§ TASK DETAILS:
Reproduce, from the lines below, exactly the stretch that begins at the line containing "Eine Tauschbörse Veranstaltung" and ends at the line containing "Công ty bán", both included.
+++ EXERCISE DATA +++
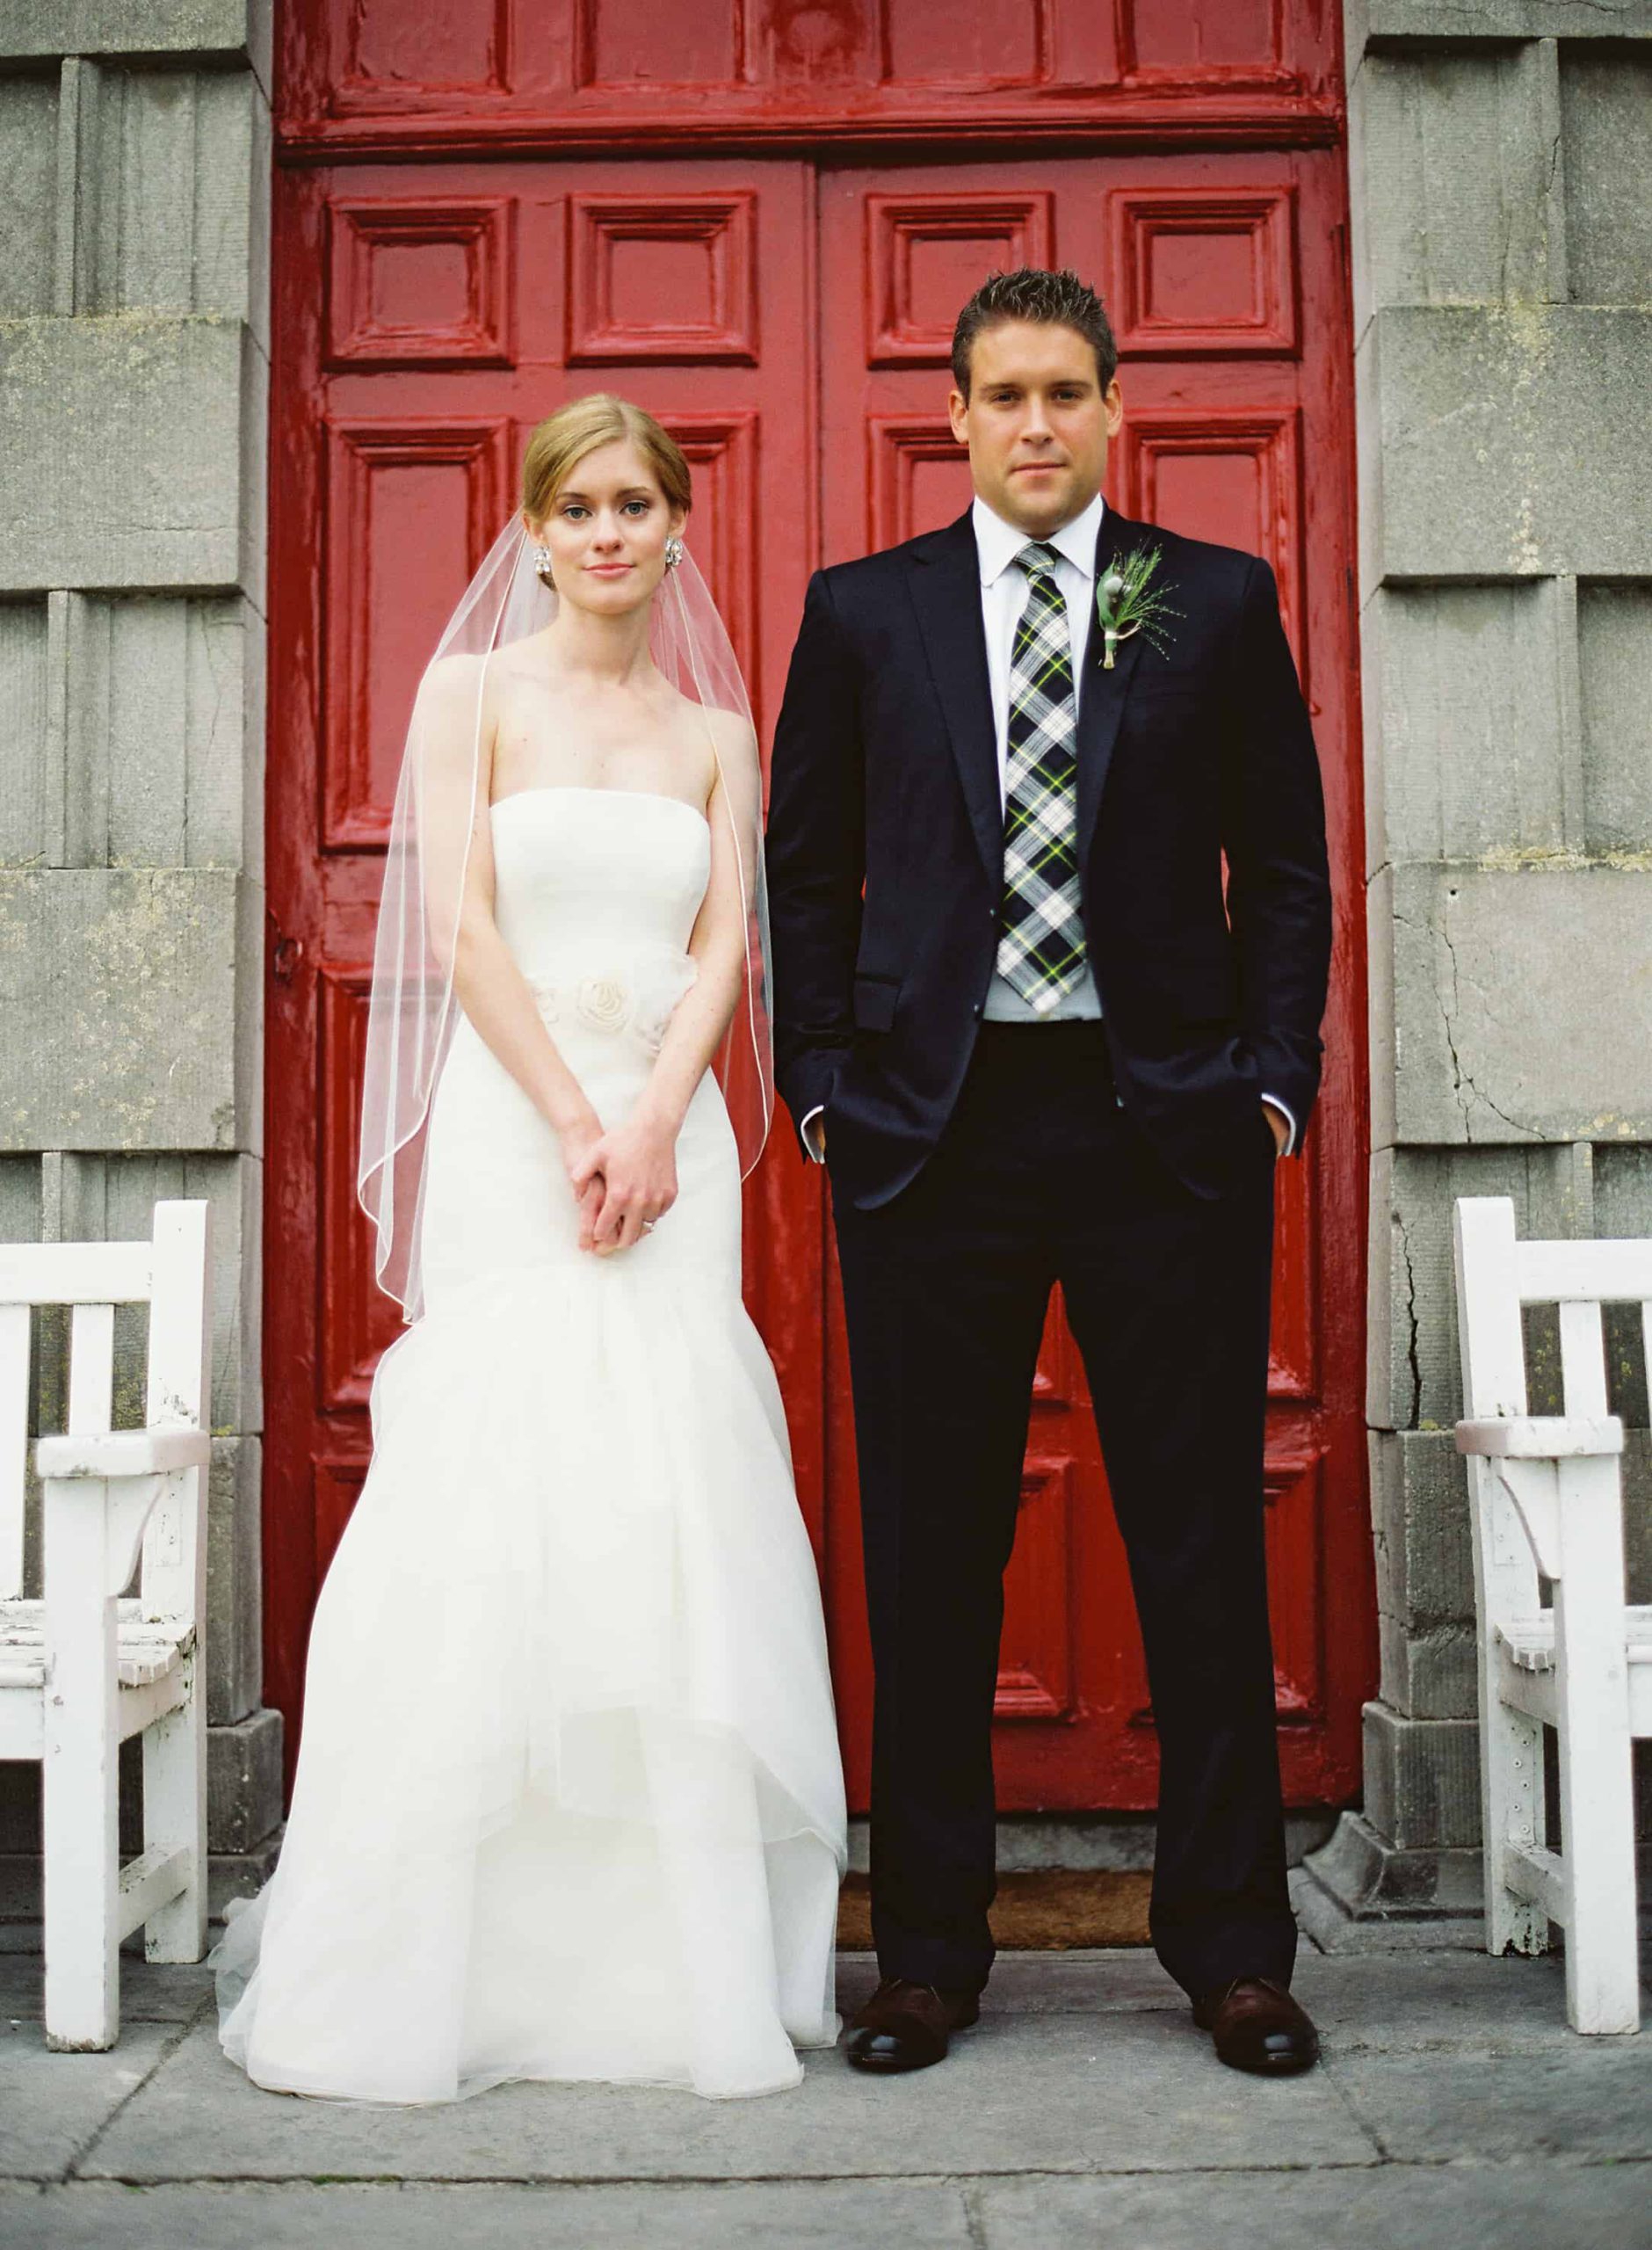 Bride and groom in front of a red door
+++
+++ EXERCISE DATA +++
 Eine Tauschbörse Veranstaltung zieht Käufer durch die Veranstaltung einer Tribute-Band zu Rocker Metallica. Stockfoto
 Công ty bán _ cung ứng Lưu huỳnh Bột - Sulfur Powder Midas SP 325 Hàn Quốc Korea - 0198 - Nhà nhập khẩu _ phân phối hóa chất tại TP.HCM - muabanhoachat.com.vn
+++
§ RESULT OF THE TASK:
 Eine Tauschbörse Veranstaltung zieht Käufer durch die Veranstaltung einer Tribute-Band zu Rocker Metallica. Stockfoto
 Công ty bán _ cung ứng Lưu huỳnh Bột - Sulfur Powder Midas SP 325 Hàn Quốc Korea - 0198 - Nhà nhập khẩu _ phân phối hóa chất tại TP.HCM - muabanhoachat.com.vn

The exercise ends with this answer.